### Information provided

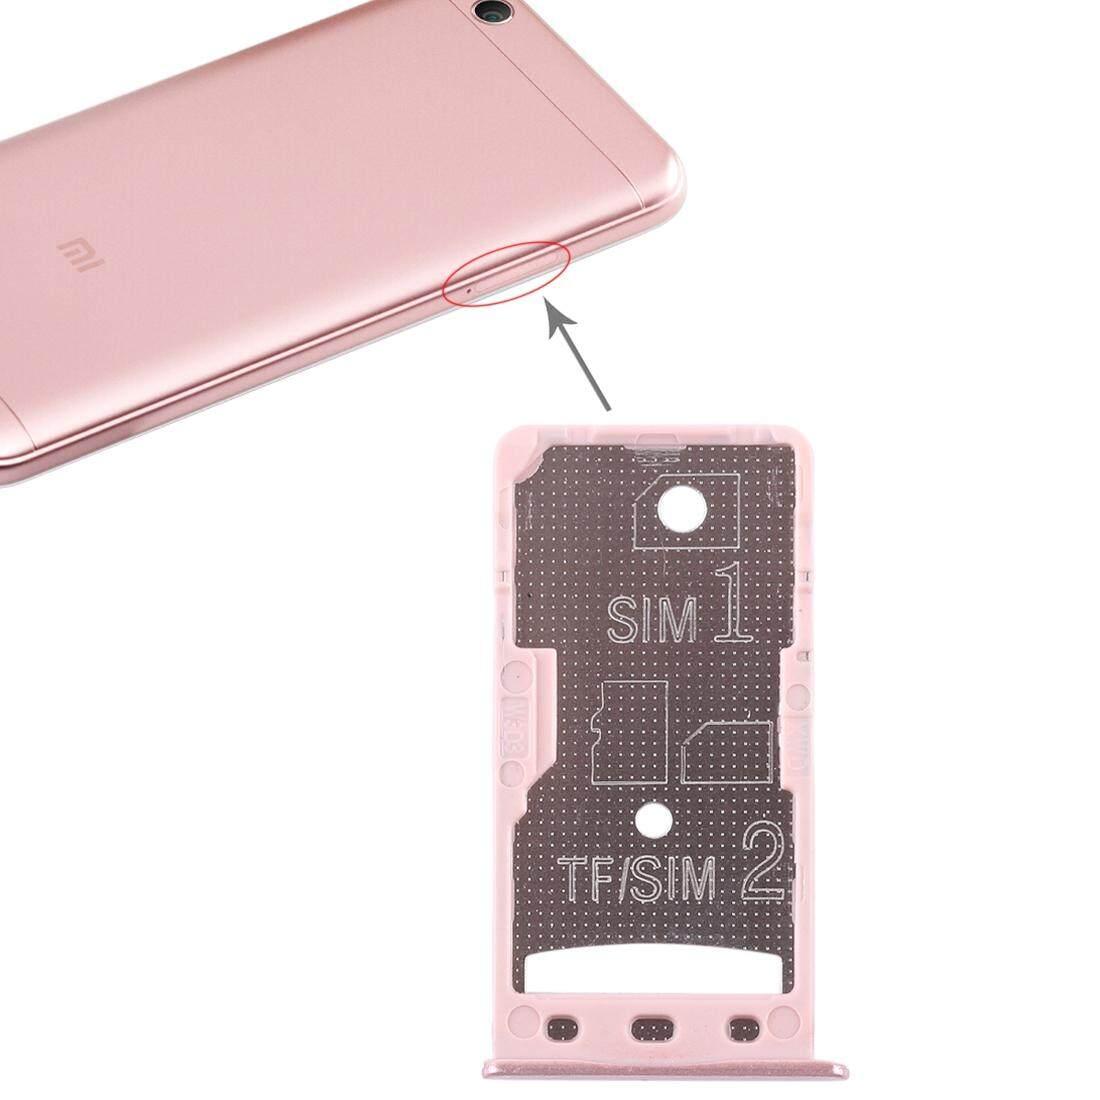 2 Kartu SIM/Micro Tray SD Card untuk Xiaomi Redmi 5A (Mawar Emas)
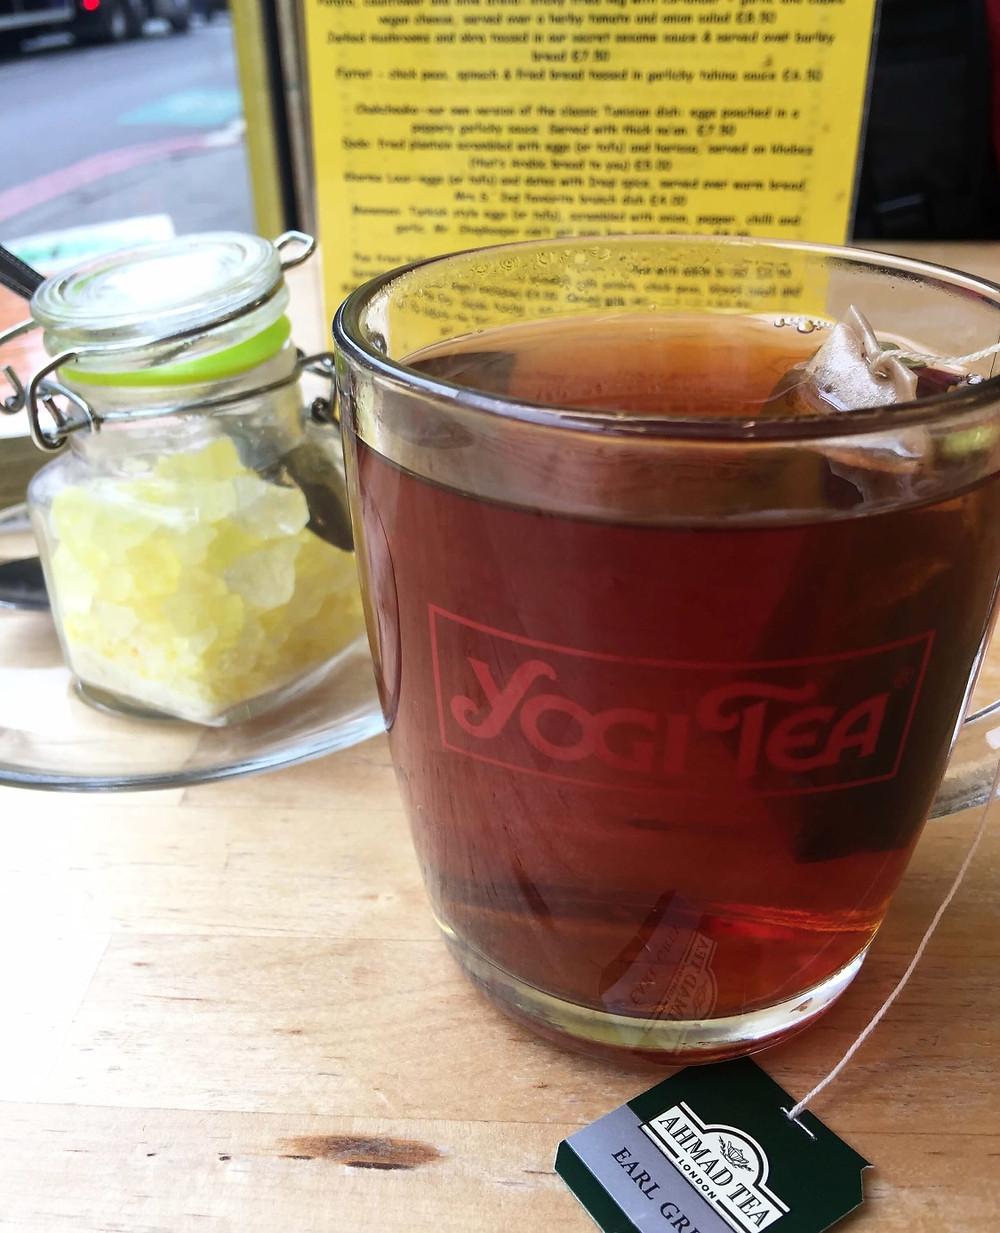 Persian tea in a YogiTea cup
---
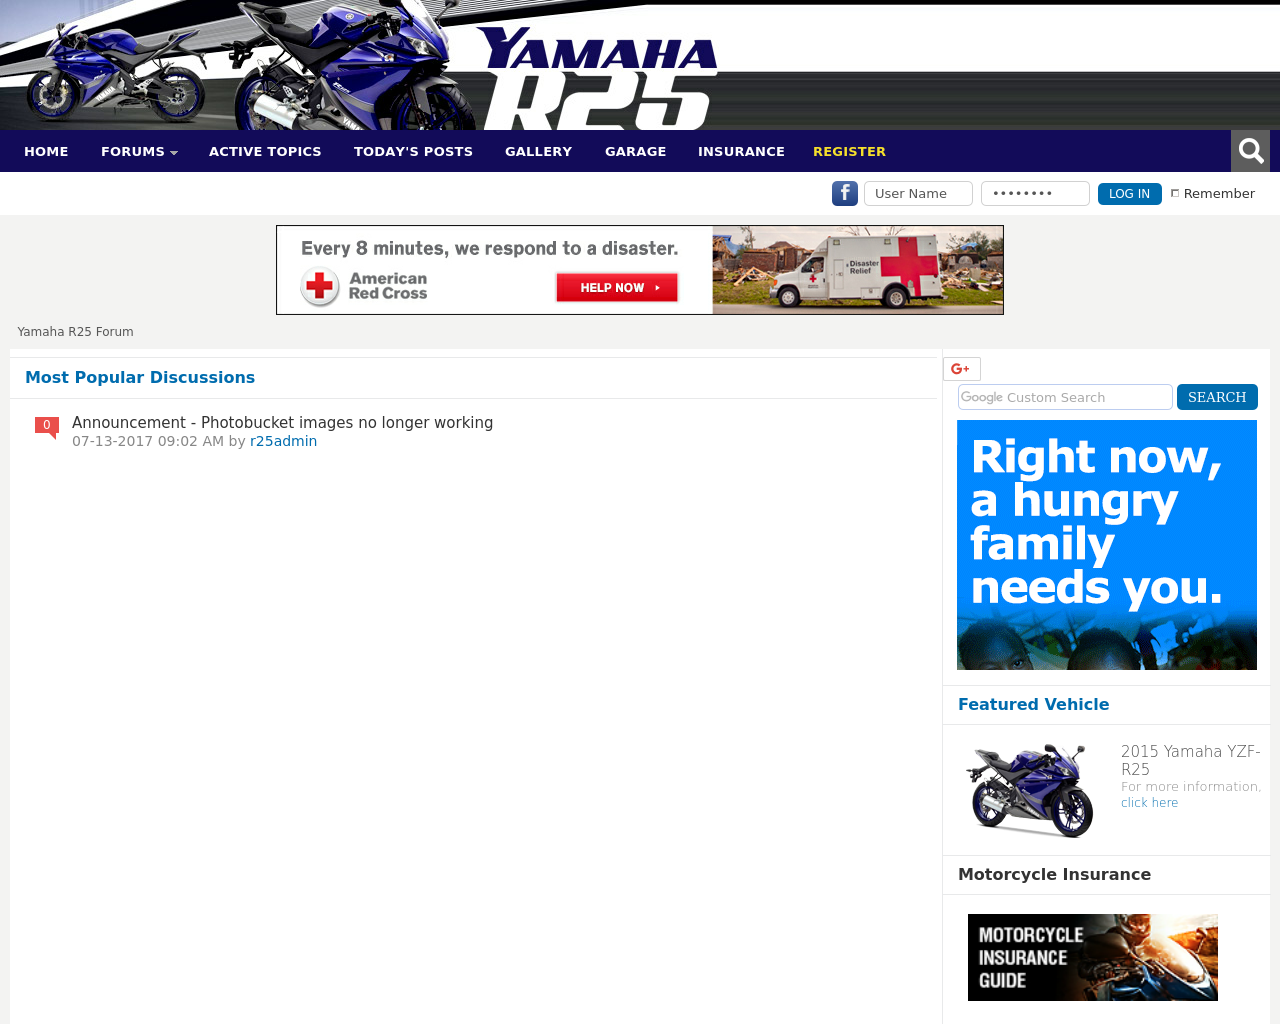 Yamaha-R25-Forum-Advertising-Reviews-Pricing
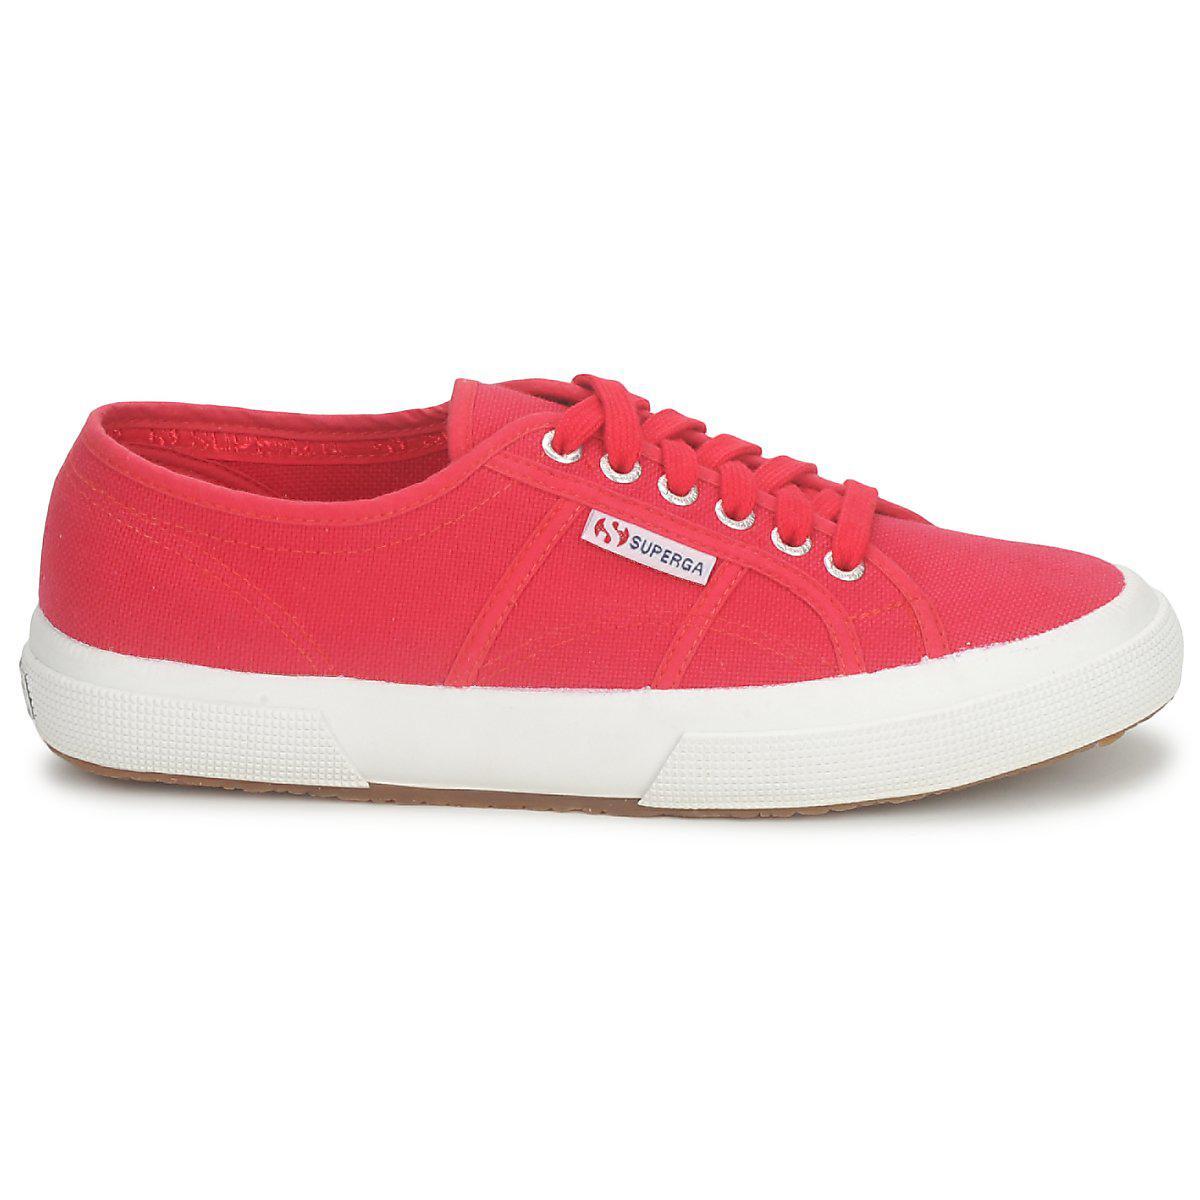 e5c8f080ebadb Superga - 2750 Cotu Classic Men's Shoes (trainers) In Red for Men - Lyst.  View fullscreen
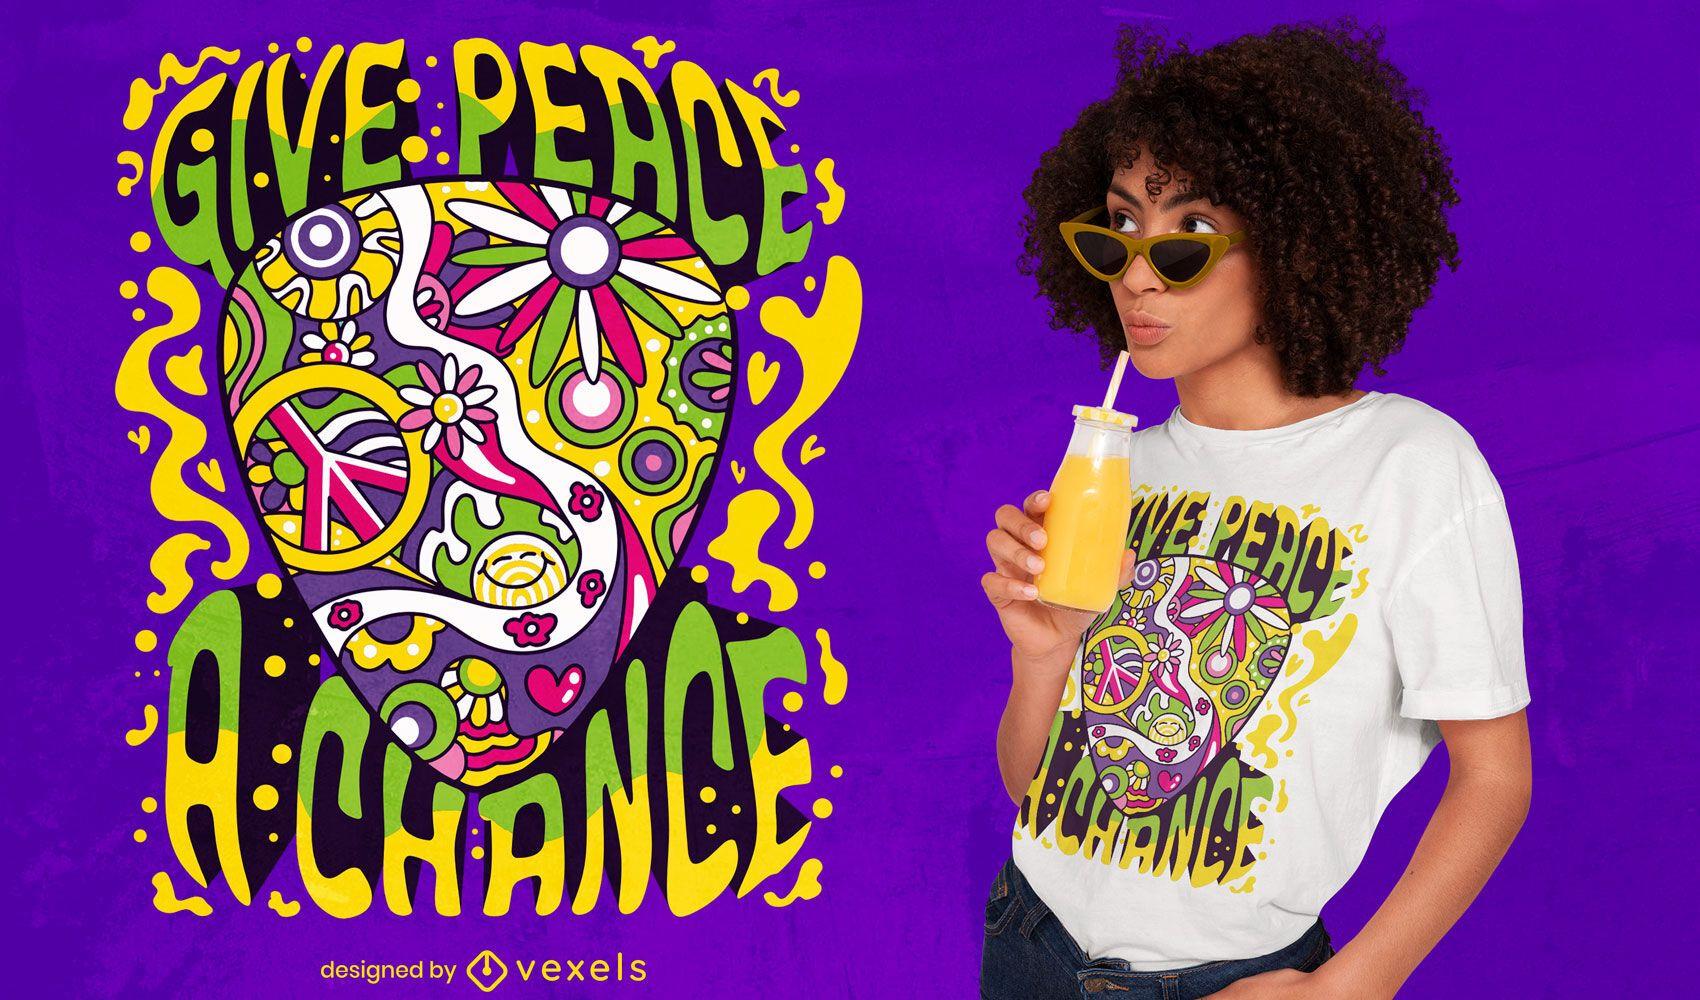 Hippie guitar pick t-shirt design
...
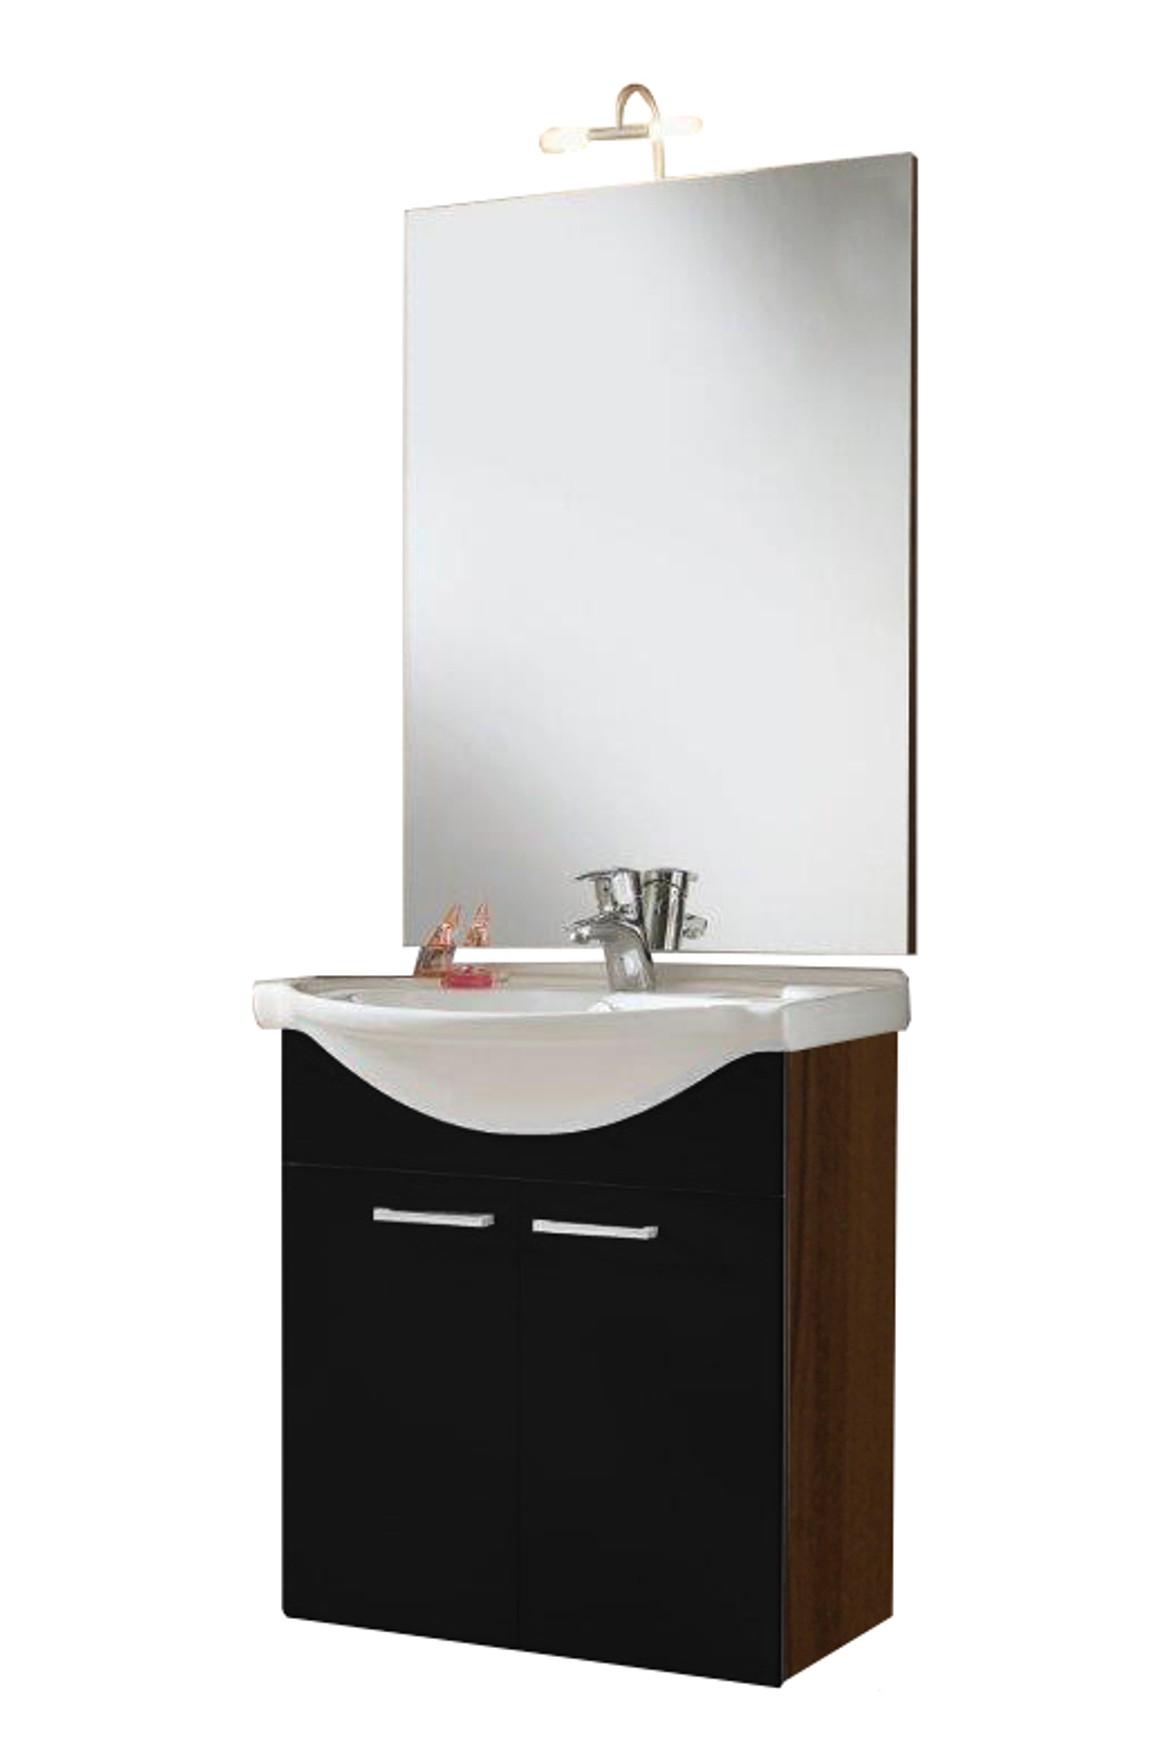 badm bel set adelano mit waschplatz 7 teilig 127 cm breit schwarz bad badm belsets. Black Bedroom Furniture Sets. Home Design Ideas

### Instructions to follow
In the material above, which lines fall between the one holding "e5c8f080ebadb Superga - 2750" and the one holding "Hippie guitar pick t-shirt design", inclusive? Print exactly those, with the pictures left out.

### Result below
 e5c8f080ebadb Superga - 2750 Cotu Classic Men's Shoes (trainers) In Red for Men - Lyst.  View fullscreen
 Hippie guitar pick t-shirt design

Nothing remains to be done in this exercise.